In June 2010, Transport Canada announced that it would review the safety of vans used for student transportation. This review was to include consultations with provincial and territorial governments, an assessment of the safety and stability of extracurricular activity vehicles, brake testing and testing to determine the vehicle rollover threshold.
Phase I Test Results
The first of three phases of the test programme involved crash avoidance tests that were performed on 15-passenger vans as well as other vehicles perceived to be suitable alternatives for student transportation for extra-curricular activities. Seven vehicles were used in the tests: a 7-passenger minivan, a 12-passenger van, two 15-passenger vans, a 19-seat mini school bus, a 30-seat mini school bus, and a 21-seat Multi-Functional Activity Bus (MFAB). Three metrics were evaluated: the emergency stopping distance from 100 km/h, the Static Stability Factor and the Static Rollover Threshold.
The stopping distance of a vehicle is an important part of vehicle performance and crash avoidance. The stopping distance was measured by driving the test vehicle at a speed slightly higher than 100 km/h, releasing the accelerator pedal and, once the vehicle speed reached 100 km/h, quickly applying the brakes; ten emergency stops were performed and the average stopping distance was computed. The emergency stopping distance was determined for both the unloaded and fully loaded conditions. The testing determined that emergency stopping distances from 100 km/h varied from 49.6 to 59.9 metres in the unloaded condition and from 49.6 to 58.5 metres in the loaded condition (see Figure 1).
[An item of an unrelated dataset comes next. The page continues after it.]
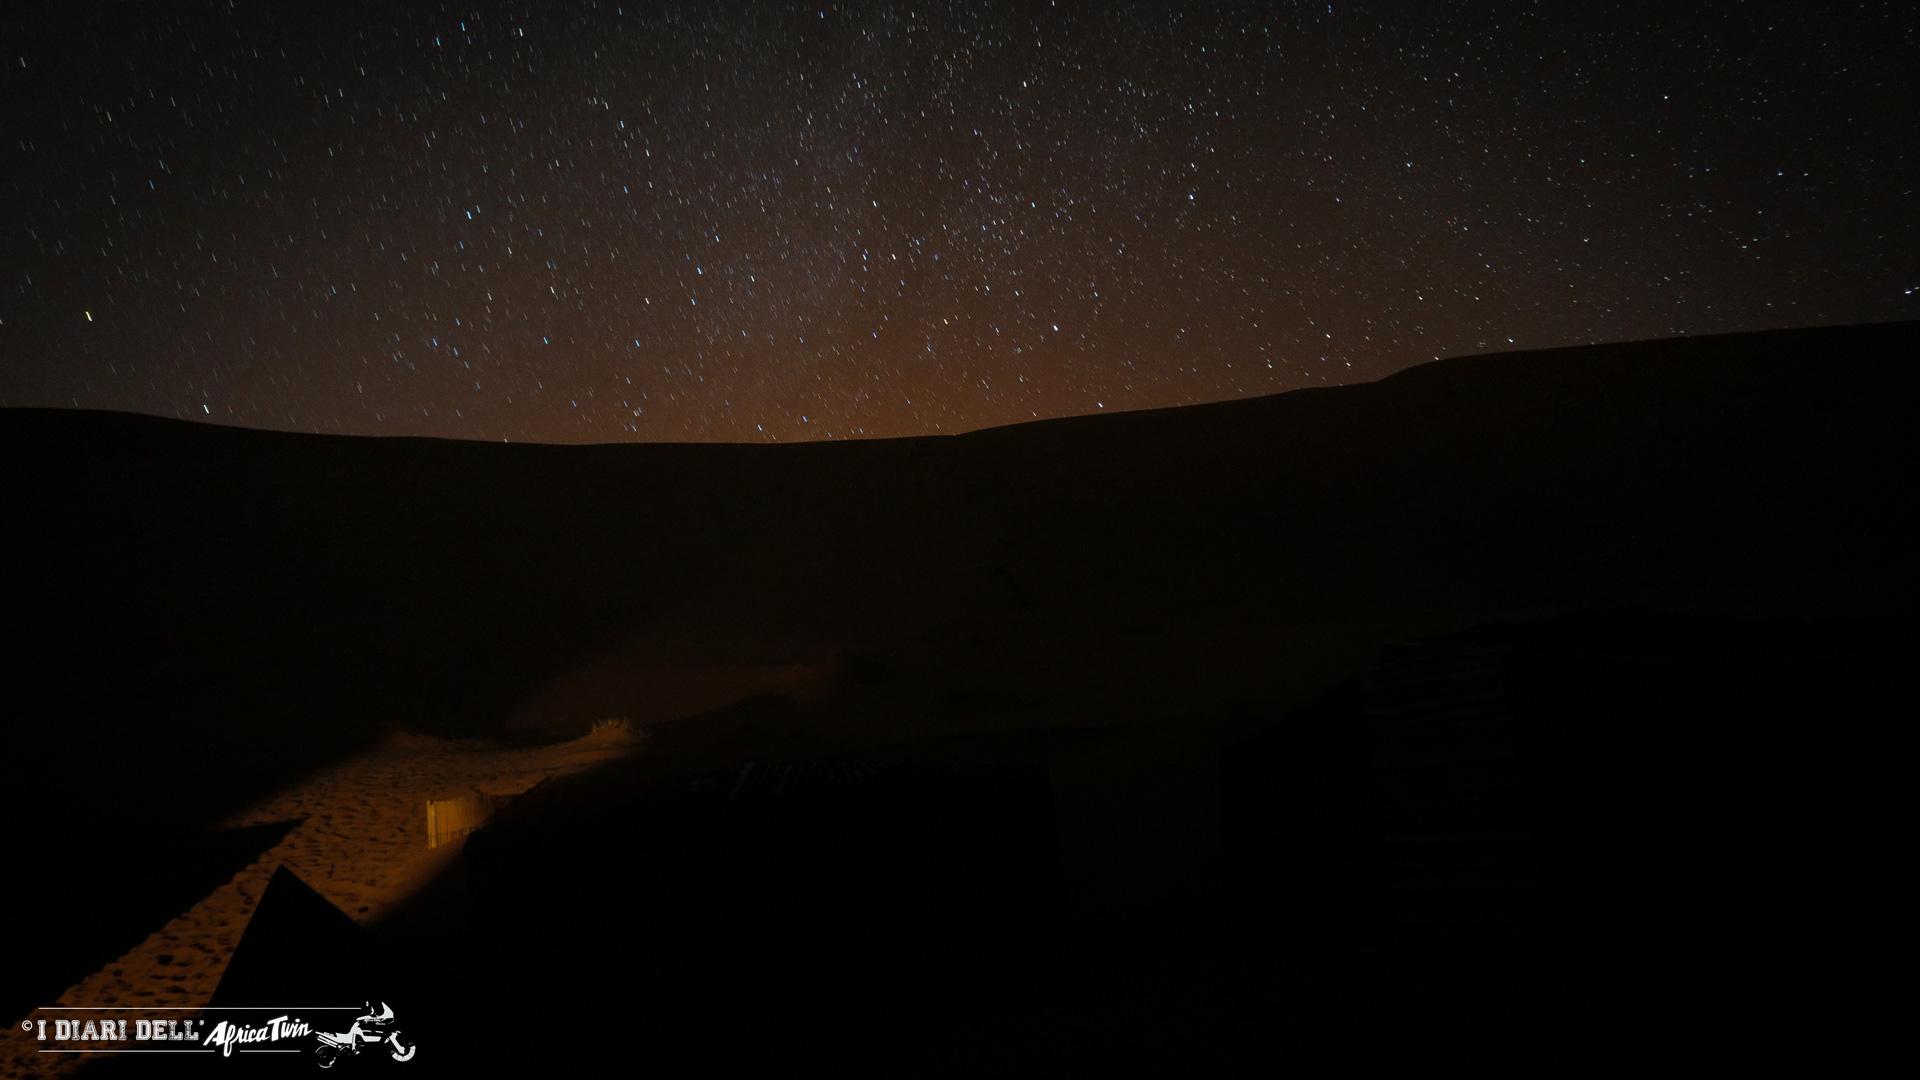 Cielo stellato del Sahara

Figure 1. Emergency Stopping Distance from 100 km/h for Loaded Vehicles
Static Stability Factor (SSF) is a measure of the rollover resistance of a vehicle; a vehicle with a high SSF will be more stable in roll than a vehicle with a lower SSF. SSF is a measure of how top-heavy a vehicle is. It is used to estimate the probability (Rollover Risk) that a vehicle will roll if tripped sideways in a single-vehicle crash, such as when a vehicle leaves the paved shoulder of the road. The relationship between the SSF and the Rollover Risk was determined by the US National Academy of Sciences and the US National Highway Traffic Safety Administration using US accident data . 1 The SSF is computed by dividing half of the vehicle track width by the height of its centre of gravity; the height of the centre of gravity is determined through a laboratory test procedure that involves lifting the front or the rear axle of the vehicle and measuring the change in load on the other axle. The SSF was computed only for the unloaded condition, since the Rollover Risk is computed only from the SSF of an unloaded vehicle. In our test, the SSF varied from 1.27 to 0.94; Figure 2 shows the SSF we obtained with the associated Rollover Risk and US Rollover Rating.
|Vehicle||SSF||Rollover Risk||US Rollover Rating|
|15-seat Ford van||1.08||33%|
|15-seat Chevrolet van||1.06||36%|
|30-seat School Bus||0.99||52%|
|12-seat Sprinter van||0.95||69%|
|19-seat School Bus||0.94||74%|
The Static Rollover Threshold (SRT) is the basic measure of the rollover stability of a vehicle; it is computed from the results of a test where the vehicle is tilted sideways until it rolls over. The SRT provides a good predictor of the risk of rollover in a constant radius curve and constant speed situation such as a highway exit ramp. We determined the SRT for both the unloaded and fully loaded conditions. In our tests, the SRT varied from 1.06g to 0.85g in the unloaded condition and from 1.04g to 0.72g in the loaded condition (see Figure 3). The results of the tilt-table show that these vehicles do not easily roll in that situation (highway ramp) but would tend to slide or skid. So the lateral force required to roll these vehicles is high compared to the force that can be developed between the tires and pavement.
|Vehicles||SSF||Roll Threshold (g)|
|15-seat Chevrolet van||1.06||0.80|
12-seat Sprinter van
|15-seat Ford van||1.08||0.78|
|30-seat School Bus||0.99||0.77|
|19-seat School Bus||0.94||0.72|
The performance of 15-passenger vans in these tests was as good as, or somewhat better, than the performance of the MFAB and mini school buses.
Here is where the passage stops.